Tustin AW, Lamson GE, Jacklitsch BL, Thomas RJ, Arbury SB, Cannon DL, Gonzales RG, Hodgson MJ. MMWR Morb. Mortal. Wkly. Rep. 2018; 67(26): 733-737.

Copyright

(Copyright © 2018, (in public domain), Publisher U.S. Centers for Disease Control and Prevention)

DOI

10.15585/mmwr.mm6726a1

PMID

29975679

Abstract

Heat stress, an environmental and occupational hazard, is associated with a spectrum of heat-related illnesses, including heat stroke, which can lead to death. CDC's National Institute for Occupational Safety and Health (NIOSH) publishes recommended occupational exposure limits for heat stress (1). These limits, which are consistent with those of the American Conference of Governmental Industrial Hygienists (ACGIH) (2), specify the maximum combination of environmental heat (measured as wet bulb globe temperature [WBGT]) and metabolic heat (i.e., workload) to which workers should be exposed. Exposure limits are lower for workers who are unacclimatized to heat, who wear work clothing that inhibits heat dissipation, and who have predisposing personal risk factors (1,2). These limits have been validated in experimental settings but not at outdoor worksites. To determine whether the NIOSH and ACGIH exposure limits are protective of workers, CDC retrospectively reviewed 25 outdoor occupational heat-related illnesses (14 fatal and 11 nonfatal) investigated by the Occupational Safety and Health Administration (OSHA) from 2011 to 2016. For each incident, OSHA assessed personal risk factors and estimated WBGT, workload, and acclimatization status. Heat stress exceeded exposure limits in all 14 fatalities and in eight of 11 nonfatal illnesses.
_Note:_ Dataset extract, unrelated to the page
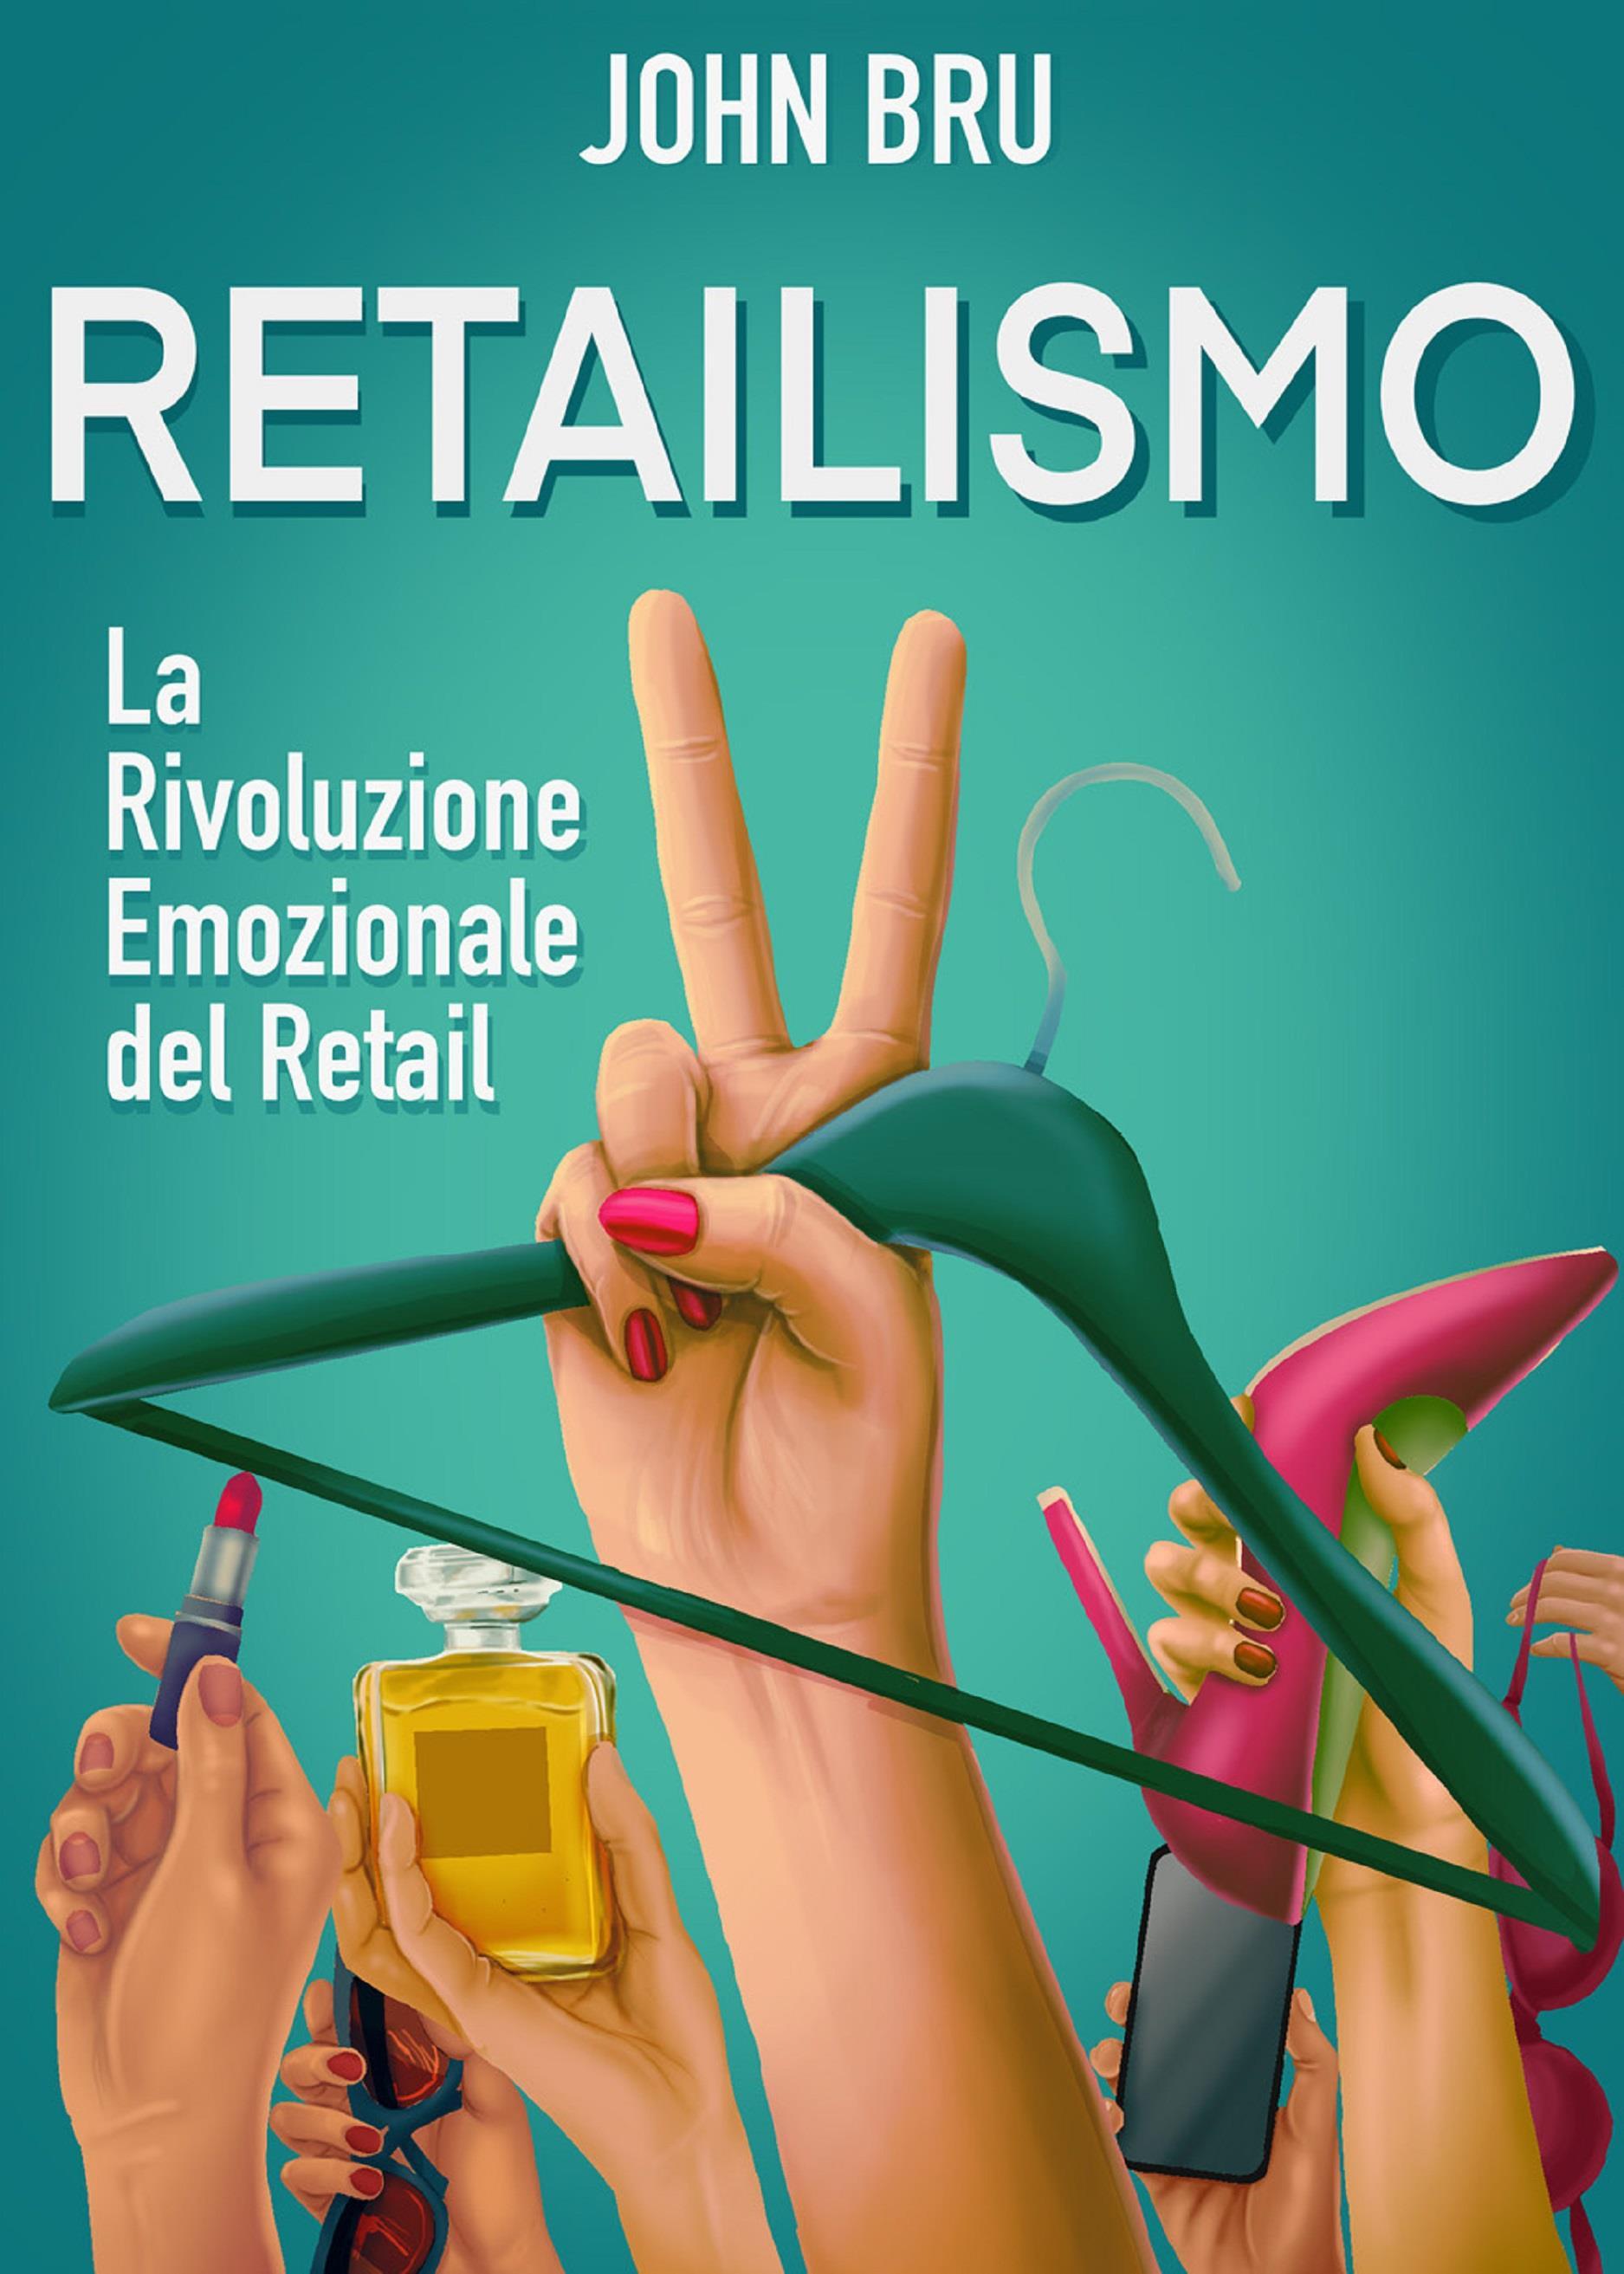 Retailismo

An analysis of Heat Index data for the same 25 cases suggests that when WBGT is unavailable, a Heat Index screening threshold of 85°F (29.4°C) could identify potentially hazardous levels of workplace environmental heat. Protective measures should be implemented whenever the exposure limits are exceeded. The comprehensive heat-related illness prevention program should include an acclimatization schedule for newly hired workers and unacclimatized long-term workers (e.g., during early-season heat waves), training for workers and supervisors about symptom recognition and first aid (e.g., aggressive cooling of presumed heat stroke victims before medical professionals arrive), engineering and administrative controls to reduce heat stress, medical surveillance, and provision of fluids and shady areas for rest breaks.